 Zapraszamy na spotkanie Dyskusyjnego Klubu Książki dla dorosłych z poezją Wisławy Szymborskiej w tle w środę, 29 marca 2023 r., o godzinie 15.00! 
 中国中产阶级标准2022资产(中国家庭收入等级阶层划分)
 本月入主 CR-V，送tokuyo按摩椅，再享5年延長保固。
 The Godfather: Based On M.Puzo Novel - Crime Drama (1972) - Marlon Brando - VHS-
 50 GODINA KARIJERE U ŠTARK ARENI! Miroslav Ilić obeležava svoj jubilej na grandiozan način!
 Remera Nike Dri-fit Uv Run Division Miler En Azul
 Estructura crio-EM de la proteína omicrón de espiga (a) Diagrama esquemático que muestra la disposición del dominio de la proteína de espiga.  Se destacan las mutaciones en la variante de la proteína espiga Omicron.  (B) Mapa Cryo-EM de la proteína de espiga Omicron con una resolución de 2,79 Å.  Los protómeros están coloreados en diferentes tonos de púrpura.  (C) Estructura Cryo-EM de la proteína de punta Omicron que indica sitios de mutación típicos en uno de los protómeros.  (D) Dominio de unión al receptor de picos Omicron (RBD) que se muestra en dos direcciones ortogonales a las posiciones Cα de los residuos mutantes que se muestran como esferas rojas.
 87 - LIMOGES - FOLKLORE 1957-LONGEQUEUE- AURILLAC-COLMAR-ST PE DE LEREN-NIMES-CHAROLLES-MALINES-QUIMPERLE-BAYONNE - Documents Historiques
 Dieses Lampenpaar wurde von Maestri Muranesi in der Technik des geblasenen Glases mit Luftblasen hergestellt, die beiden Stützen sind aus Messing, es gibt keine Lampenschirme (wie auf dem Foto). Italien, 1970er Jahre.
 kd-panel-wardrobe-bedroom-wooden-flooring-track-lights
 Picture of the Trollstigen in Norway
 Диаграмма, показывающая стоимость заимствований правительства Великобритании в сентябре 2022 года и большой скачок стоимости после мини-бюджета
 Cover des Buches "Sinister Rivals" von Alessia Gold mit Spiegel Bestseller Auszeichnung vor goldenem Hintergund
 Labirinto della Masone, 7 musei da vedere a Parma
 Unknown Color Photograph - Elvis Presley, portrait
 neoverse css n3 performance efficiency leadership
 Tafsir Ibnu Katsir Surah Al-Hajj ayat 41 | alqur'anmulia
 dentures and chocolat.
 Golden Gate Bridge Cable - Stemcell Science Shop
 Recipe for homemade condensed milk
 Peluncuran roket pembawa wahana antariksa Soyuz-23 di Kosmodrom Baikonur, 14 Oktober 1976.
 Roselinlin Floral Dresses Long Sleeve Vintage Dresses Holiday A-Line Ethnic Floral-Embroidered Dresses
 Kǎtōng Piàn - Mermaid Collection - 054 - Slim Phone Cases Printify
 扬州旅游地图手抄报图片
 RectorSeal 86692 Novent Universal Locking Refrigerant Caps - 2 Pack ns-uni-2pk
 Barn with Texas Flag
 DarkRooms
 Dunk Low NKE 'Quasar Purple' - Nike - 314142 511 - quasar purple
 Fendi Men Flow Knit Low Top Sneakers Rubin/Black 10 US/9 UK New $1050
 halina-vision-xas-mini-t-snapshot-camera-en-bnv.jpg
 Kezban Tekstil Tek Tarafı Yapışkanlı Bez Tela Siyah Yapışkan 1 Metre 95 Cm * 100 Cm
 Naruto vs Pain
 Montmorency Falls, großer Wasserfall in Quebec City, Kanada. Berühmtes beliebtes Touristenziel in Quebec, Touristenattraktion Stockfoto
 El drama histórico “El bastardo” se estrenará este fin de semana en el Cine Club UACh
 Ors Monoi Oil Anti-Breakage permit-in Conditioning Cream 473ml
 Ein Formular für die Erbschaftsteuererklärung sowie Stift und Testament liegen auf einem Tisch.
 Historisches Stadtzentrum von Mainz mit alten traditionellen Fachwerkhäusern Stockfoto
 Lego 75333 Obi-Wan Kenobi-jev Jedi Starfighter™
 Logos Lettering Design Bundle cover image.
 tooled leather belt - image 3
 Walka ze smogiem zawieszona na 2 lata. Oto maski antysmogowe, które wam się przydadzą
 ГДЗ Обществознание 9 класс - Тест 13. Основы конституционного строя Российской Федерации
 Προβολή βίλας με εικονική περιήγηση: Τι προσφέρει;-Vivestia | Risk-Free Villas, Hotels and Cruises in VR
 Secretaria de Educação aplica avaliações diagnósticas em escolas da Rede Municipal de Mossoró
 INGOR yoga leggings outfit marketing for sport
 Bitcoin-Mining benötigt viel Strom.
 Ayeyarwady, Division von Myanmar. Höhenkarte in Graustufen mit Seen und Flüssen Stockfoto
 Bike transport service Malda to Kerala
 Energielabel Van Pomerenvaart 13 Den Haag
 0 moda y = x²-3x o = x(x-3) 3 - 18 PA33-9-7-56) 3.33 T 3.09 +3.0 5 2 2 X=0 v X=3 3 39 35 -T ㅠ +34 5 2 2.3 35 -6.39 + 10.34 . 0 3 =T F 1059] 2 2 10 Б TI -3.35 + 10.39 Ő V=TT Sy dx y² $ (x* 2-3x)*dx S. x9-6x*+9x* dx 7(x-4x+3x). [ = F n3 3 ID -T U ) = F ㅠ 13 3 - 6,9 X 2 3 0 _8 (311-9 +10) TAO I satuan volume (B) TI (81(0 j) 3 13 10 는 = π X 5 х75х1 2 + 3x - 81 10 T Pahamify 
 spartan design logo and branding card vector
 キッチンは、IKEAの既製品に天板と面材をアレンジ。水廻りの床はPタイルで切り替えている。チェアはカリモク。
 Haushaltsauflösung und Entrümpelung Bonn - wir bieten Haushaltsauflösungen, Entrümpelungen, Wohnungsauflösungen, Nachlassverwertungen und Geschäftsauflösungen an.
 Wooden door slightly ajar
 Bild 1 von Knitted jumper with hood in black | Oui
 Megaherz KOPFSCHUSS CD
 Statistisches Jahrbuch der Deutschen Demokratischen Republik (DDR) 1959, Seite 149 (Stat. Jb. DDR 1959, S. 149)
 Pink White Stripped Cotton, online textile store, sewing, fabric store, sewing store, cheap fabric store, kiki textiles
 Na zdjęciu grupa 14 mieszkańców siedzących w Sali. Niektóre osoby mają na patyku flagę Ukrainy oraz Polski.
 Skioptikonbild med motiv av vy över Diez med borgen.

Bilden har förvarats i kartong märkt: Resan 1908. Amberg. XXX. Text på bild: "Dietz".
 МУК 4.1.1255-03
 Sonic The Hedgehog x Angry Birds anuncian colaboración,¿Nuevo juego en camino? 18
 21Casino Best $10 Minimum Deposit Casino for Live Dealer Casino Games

**ABOUT THIS TASK:** Copy the stretch of the records above that runs from the line with "Ors Monoi Oil" through the line with "Walka ze smogiem". Both end lines belong in the copy, and nothing else does.

**SOLUTION TO THIS TASK:**
 Ors Monoi Oil Anti-Breakage permit-in Conditioning Cream 473ml
 Ein Formular für die Erbschaftsteuererklärung sowie Stift und Testament liegen auf einem Tisch.
 Historisches Stadtzentrum von Mainz mit alten traditionellen Fachwerkhäusern Stockfoto
 Lego 75333 Obi-Wan Kenobi-jev Jedi Starfighter™
 Logos Lettering Design Bundle cover image.
 tooled leather belt - image 3
 Walka ze smogiem zawieszona na 2 lata. Oto maski antysmogowe, które wam się przydadzą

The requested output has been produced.